The idea here is that to build a foundation, one wishes to start with very
basic concepts that, to the best of our ability to determine, are
unproblematic, and that cannot be analyzed into even simpler and more
basic concepts. From these basic concepts, one builds up more complicated
concepts in a careful, step-by-step fashion, being alert to any additional
assumptions that are introduced.
This might just sound like the axiomatic method, but it's not quite the
same. Formalists are happy with a kind of axiomatic method, in which one
writes down any axioms one pleases, and explores their consequences. But
one of the fundamental features of mathematics is that we have a strong
pre-theoretic understanding of what constitutes "logically correct
reasoning," whereas a formalist is happy playing around with any syntactic
rules whatsoever, regardless of whether they bear any relationship to
"logically correct reasoning." Furthermore, as soon as they are presented
with some formal axiomatic system, mathematicians immediately want to ask
about the *meaning* or *interpretation* of the system. They also want to
know if the interpretation has anything to do with the mathematics that
they already know and love. Formalists have no answers to such questions;
indeed, many formalists insist that such questions are pointless or
senseless.
Even if one is not a formalist, there is still a difference between the
"axiomatic method" as broadly construed, and the step-by-step construction
of mathematics from maximally simple concepts. The distinction can be
illustrated by considering axioms for category theory, or for model
theory. Someone who proposes such axioms is motivated by actual
mathematical practice and has not just plucked an arbitrary axiomatic
system out of thin air. So far so good. But the point is that the
concept of a "category" or a "model" is complicated and sophisticated.

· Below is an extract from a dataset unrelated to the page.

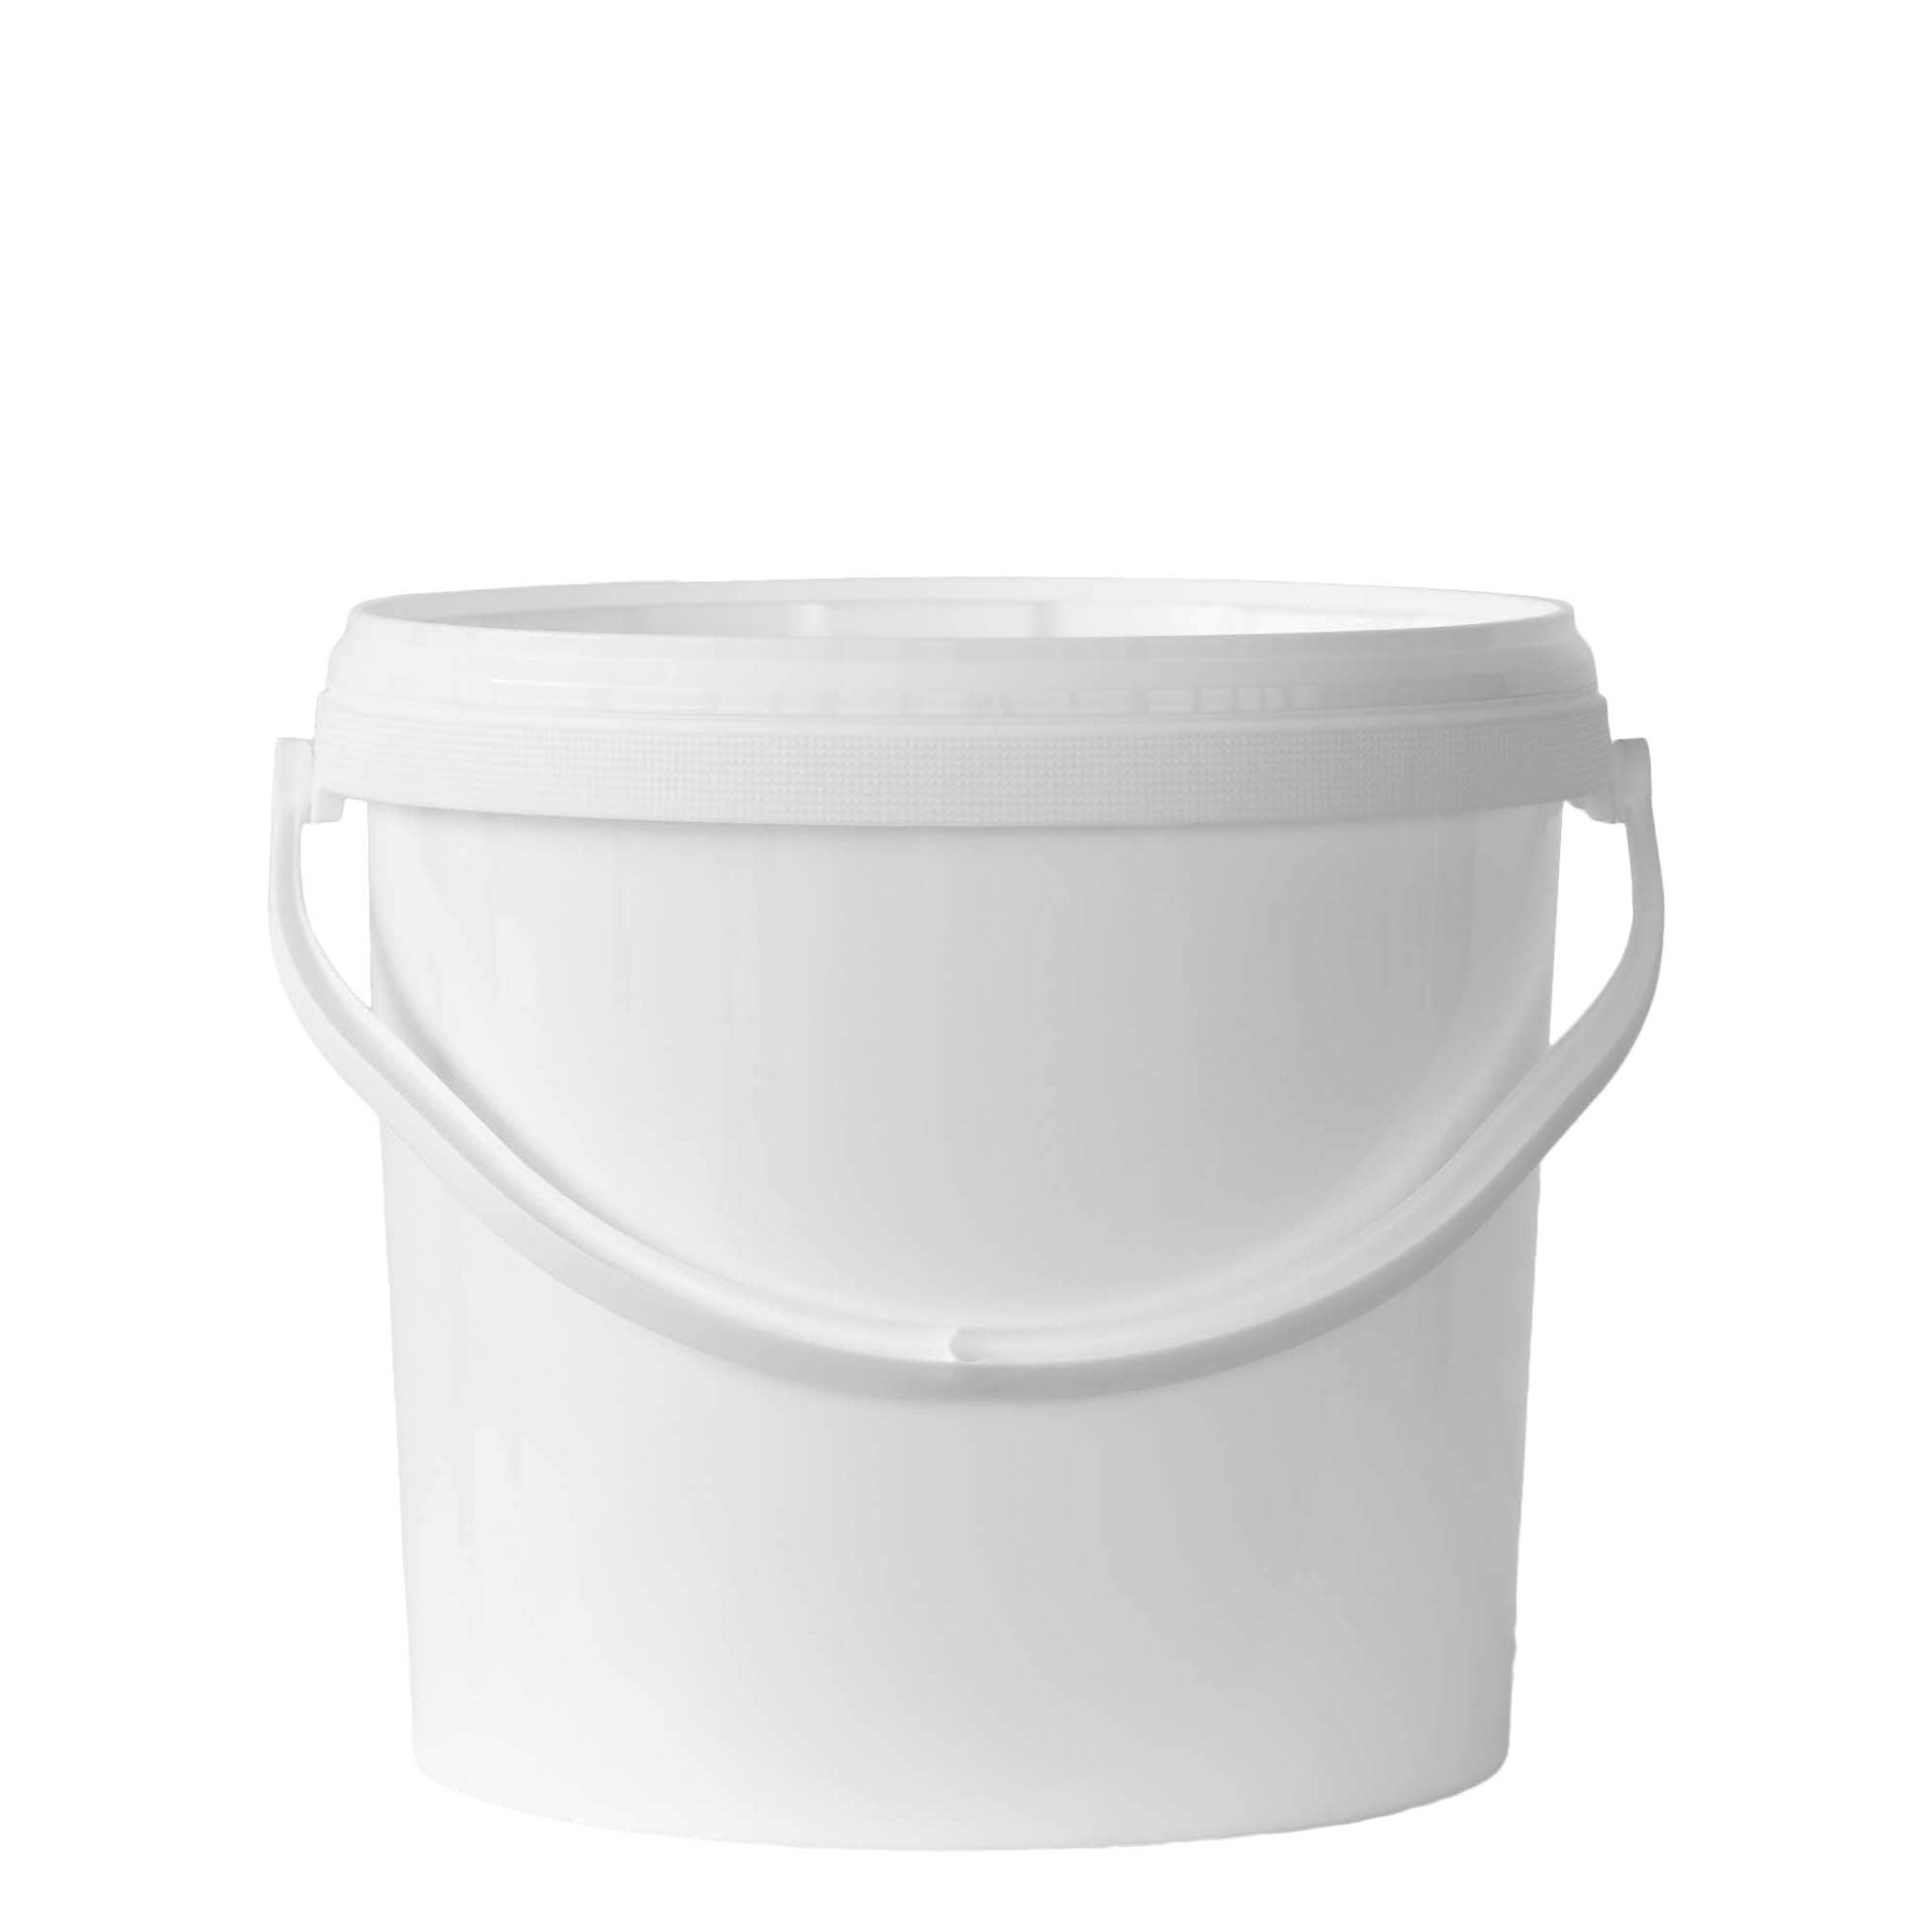 12.5 ml bucket, PP plastic, white

We do not expect elementary school students to understand what a category
is or what a model is. If an undergraduate student asks what a category
is or what a model is, we do not respond by saying that the concept is so
simple that we can barely think of a way to describe it in terms of
anything else. For categories, we launch into a short lecture giving
examples of categories, with the examples themselves requiring rather
sophisticated concepts to grasp. For models, we launch into a short
lecture about formal languages and interpretations. The fact that we have
written down some formal axioms for categories or models is not adequate
from a foundational point of view, unless we are willing to fall back on
the formalist dodge of saying that we don't care what the axioms "mean,"

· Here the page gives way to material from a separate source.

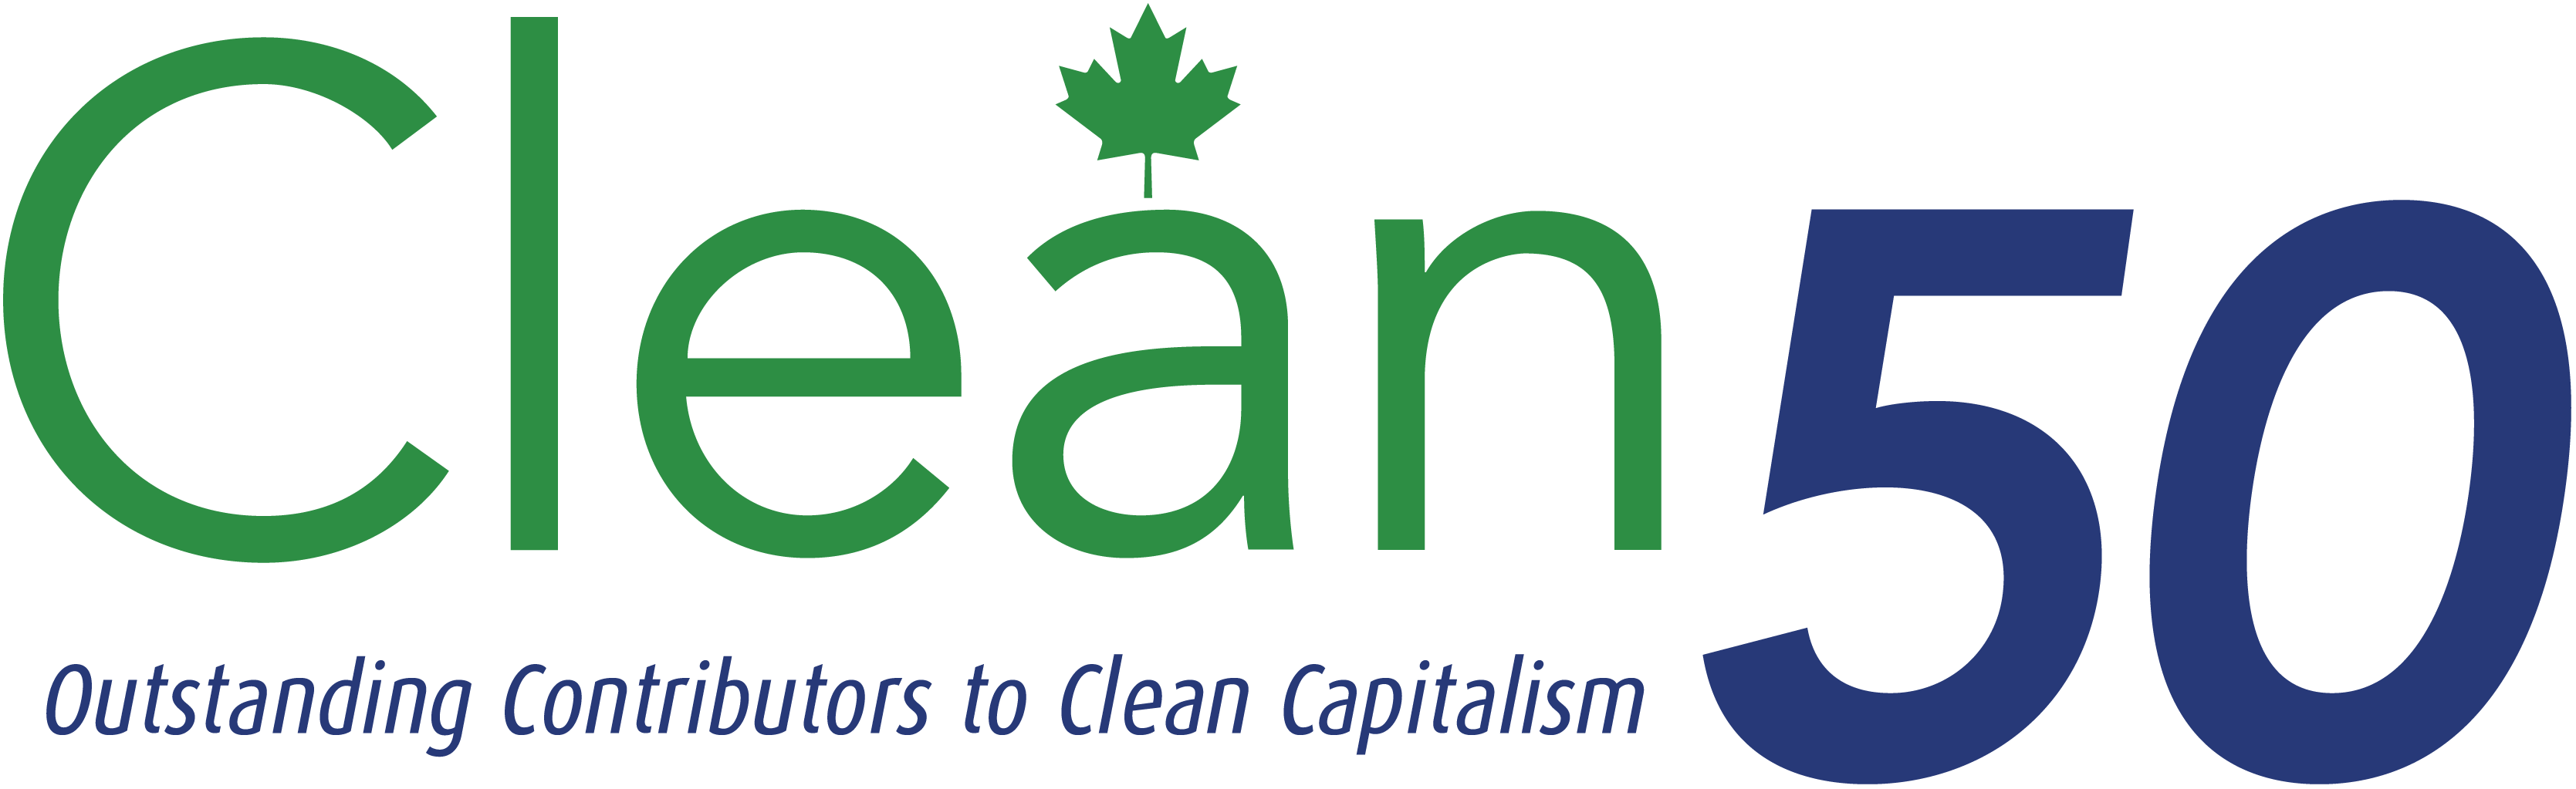 clean50 logo

and insisting that our foundations are adequate as long as we know how to
play the formal game. If our explanation of what the axioms are supposed
to mean relies on concepts that need to be explained in terms of more
basic concepts, then we're sort of cheating, at least as far as the
project of building the foundations of mathematics is concerned; we're
"taking as primitive" something that every sophisticate knows (wink, wink,
nod, nod) to be far from being primitive in reality.
In short, a "philosophically coherent" development of f.o.m. (a la
Friedman) is supposed to be a development that builds up the entire
conceptual structure of mathematics from the most basic concepts possible.
It is not enough to formally mimic existing mathematical practice while
punting on the hard work of analyzing compound concepts in terms of atomic
ones.
As an aside, when Friedman complains of "incoherence" he just means that
something fails to be coherent in the above sense, and he doesn't
necessarily mean that it is nonsensical or contradictory.